7.7 Learning as Refining the Hypothesis Space

So far, learning is either choosing the best representation - for example, the best decision tree or the best values for parameters in a neural network - or predicting the value of the target features of a new case from a database of previous cases. This section considers a different notion of learning, namely learning as delineating those hypotheses that are consistent with the examples. Rather than choosing a hypothesis, the aim is to find all hypotheses that are consistent. This investigation will shed light on the role of a bias and provide a mechanism for a theoretical analysis of the learning problem.

We make three assumptions:

  • There is a single target feature, Y, that is Boolean. This is not really a restriction for classification, because any discrete feature can be made into Boolean features using indicator variables.
  • The hypotheses make definitive predictions, predicting true or false for each example, rather than probabilistic prediction.
  • There is no noise in the data.

Given these assumptions, it is possible to write a hypothesis in terms of a proposition, where the primitive propositions are assignments to the input features.

Example 7.22: The decision tree of Figure 7.4 can be seen as a representation reads defined by the proposition
pval(e,Reads)=val(e,Short)∧(val(e,New)∨ val(e,Known)) .

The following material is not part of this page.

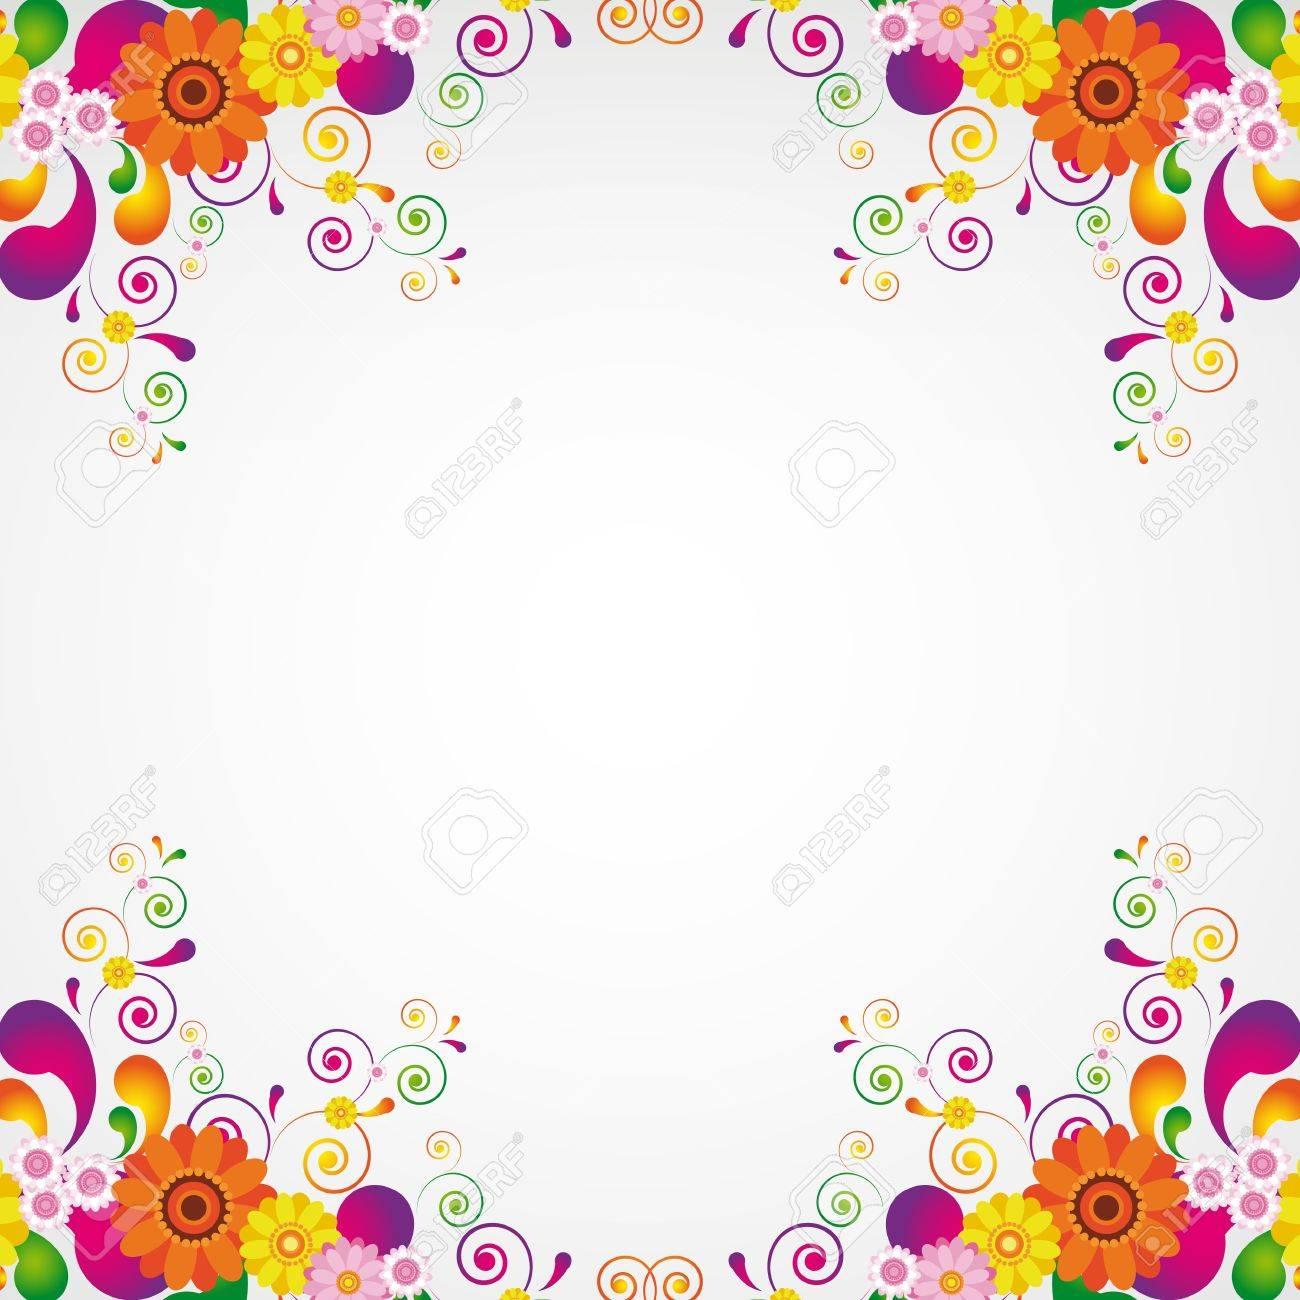 Floral design background. Stock Vector - 10400986

For the rest of this section, we write this more simply as

reads ↔short ∧(new ∨ known) .

The goal is to try to find a proposition on the input features that correctly classifies the training examples.

Example 7.23: Consider the trading agent trying to infer which books or articles the user reads based on keywords supplied in the article. Suppose the learning agent has the following data:
article Crime Academic Local Music Reads
a1 true false false true true
a2 true false false false true
a3 false true false false false
a4 false false true false false
a5 true true false false true

The aim is to learn which articles the user reads.

In this example, reads is the target feature, and the aim is to find a definition such as

reads ↔crime ∧(¬academic ∨ ¬music) .

This definition may be used to classify the training examples as well as future examples.

Hypothesis space learning assumes the following sets:

  • I, the instance space, is the set of all possible examples.
  • H, the hypothesis space, is a set of Boolean functions on the input features.
  • E⊆I is the set of training examples. Values for the input features and the target feature are given for the training example.

If h∈H and i∈I, we write h(i) to mean the value that h predicts for i on the target variable Y.

Example 7.24: In Example 7.23, I is the set of the 25=32 possible examples, one for each combination of values for the features.

The hypothesis space H could be all Boolean combinations of the input features or could be more restricted, such as conjunctions or propositions defined in terms of fewer than three features.

In Example 7.23, the training examples are E={a1,a2,a3,a4,a5}. The target feature is Reads. Because the table specifies some of the values of this feature, and the learner will make predictions on unseen cases, the learner requires a bias. In hypothesis space learning, the bias is imposed by the hypothesis space.

Hypothesis h is consistent with a set of training examples E if ∀e ∈E, h accurately predicts the target feature of e. That is, h(e)=val(e,Y); the predicted value is the same as the actual value for each example. The problem is to find the subset of H or just an element of H consistent with all of the training examples.

Example 7.25: Consider the data of Example 7.23, and suppose H is the set of conjunctions of literals. An example hypothesis in H that is consistent with {a1} is ¬academic ∧music. This hypothesis means that the person reads an article if and only if ¬academic ∧music is true of the article. This concept is not the target concept because it is inconsistent with {a1,a2}.